On Tue, Jun 19, 2007 at 03:40:36PM -0400, Jeff Squyres wrote:
> On Jun 19, 2007, at 2:24 PM, George Bosilca wrote:
> > 1. I don't believe the OS to release the binding when we close the
> > socket. As an example on Linux the kernel sockets are release at a
> > later moment. That means the socket might be still in use for the
> > next run.
> So...? If you define a large enough range, it's not a big enough
> deal -- if you use port N for one run, if you start another run right
> after the first one finishes, you'll use port N+1.
This is indeed the assumption I am working under.
> That being said, I am equally dubious about restricting to specific
> port ranges, but for different reasons:
> 1. If you're trying to go through firewalls, this isn't enough.

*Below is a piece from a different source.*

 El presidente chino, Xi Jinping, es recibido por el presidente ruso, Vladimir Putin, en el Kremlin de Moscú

> You'll also need "external" IP addresses for each internal IP
> address. This alone is such a hassle that it really makes the
> concept not worth it (and no competent network/firewall admin would
> agree to do it ;-) ). Instead, you'd want a *single* punch-through
> in the firewall to communicate between processes in front of and
> behind the firewall, and then have some MPI-level routing to
> multiplex all relevant MPI communication through that single pinhole.
Very true. As I intimated in my previous reply, these are per-machine
> 2. If your range is small enough and you execute lots and lots of
> short jobs on the same nodes, you could run out of available ports in
> the range while the kernel is shutting down the sockets from the
> previous runs.
The job in question here takes many hours/days to run, and nProc << nPorts, so
this shouldn't be an issue.
> This is why I asked about the network topology in my previous mail.

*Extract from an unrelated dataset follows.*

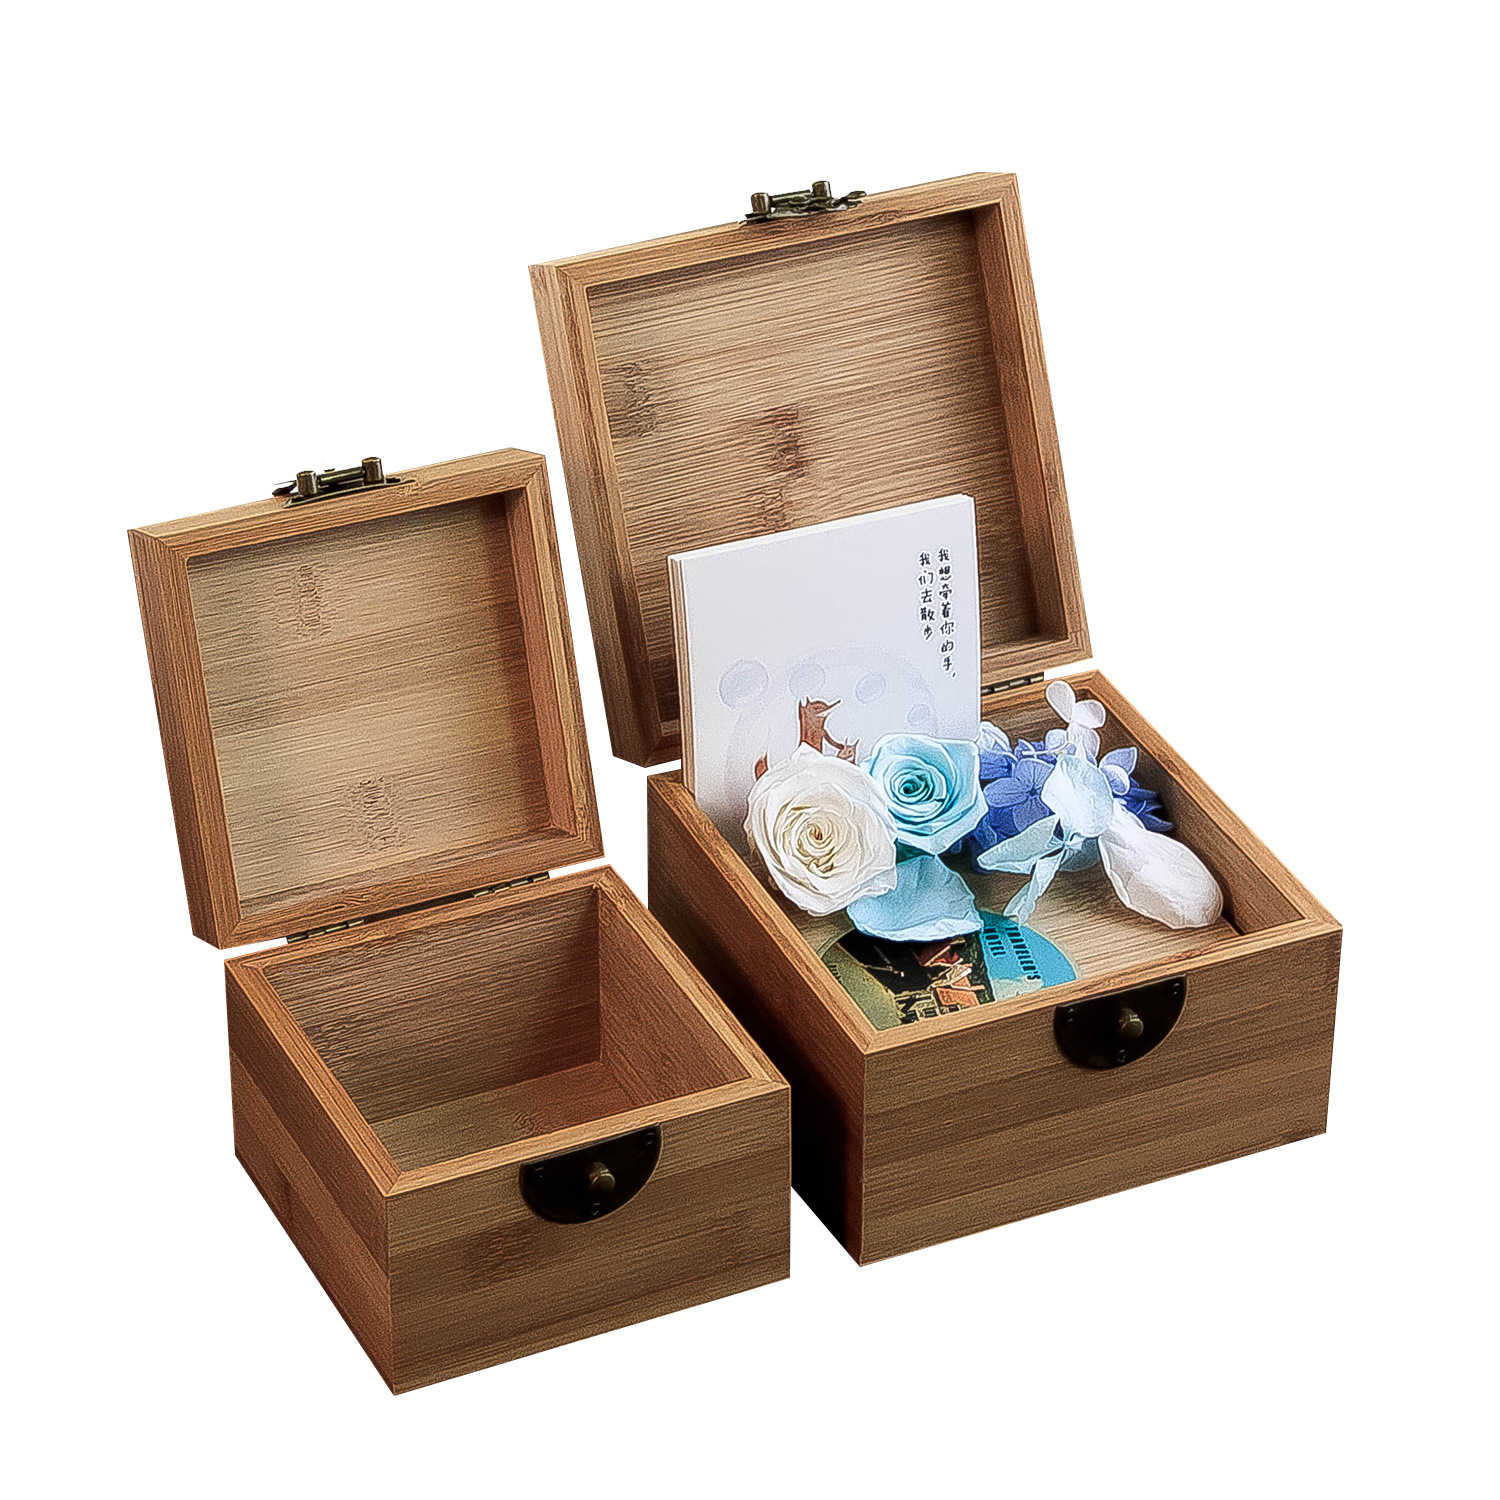 木竹质带锁木盒子正方形桌面收纳盒首饰储物方木盒包装竹小方盒

OK, now time to report the results of my recent set of tests...
Machines in cluster Processes per node Stuck in MPI_Barrier?
01 - 10 2 yes
01 - 10 1 yes
01 - 03 1 no
01 - 10 1 yes
01 - 09 1 no
01 - 04, 06 - 10 1 yes
01 - 09 2 no
Using 10 machines invariably causes the job to get stuck in MPI_Barrier.
Reducing the number of machines to 9 causes the job to continue. Number of
machines is ruled out as a factor by changing which 9 machines are used. It
appears that including machine 10 in the cluster is what causes the job to get
stuck. Machine 10 is the machine that is in a different location in the
building. Cutting this machine out and increasing the number of processes also
seems to work.
Machine 10 is the key...
The fact that I can work around this problem means that finding the solution
is not quite so pressing for me now, however I'm still curious as to what the
underlying problem is. I've spoken to the network admin and he confirms my
understanding of the network layout. My next test should be to move a second
machine to the alternative location and see if this affects the results
(perhaps there something special about the setup of machine 10?). This will
have to wait until these jobs complete.
If you OpenMPI folks are still interested in helping me trace the problem then
I will gladly accept your help. If not, then I'll make do and fade into the
background until I need to call upon your wisdom again! :-p
Thanks for all your help,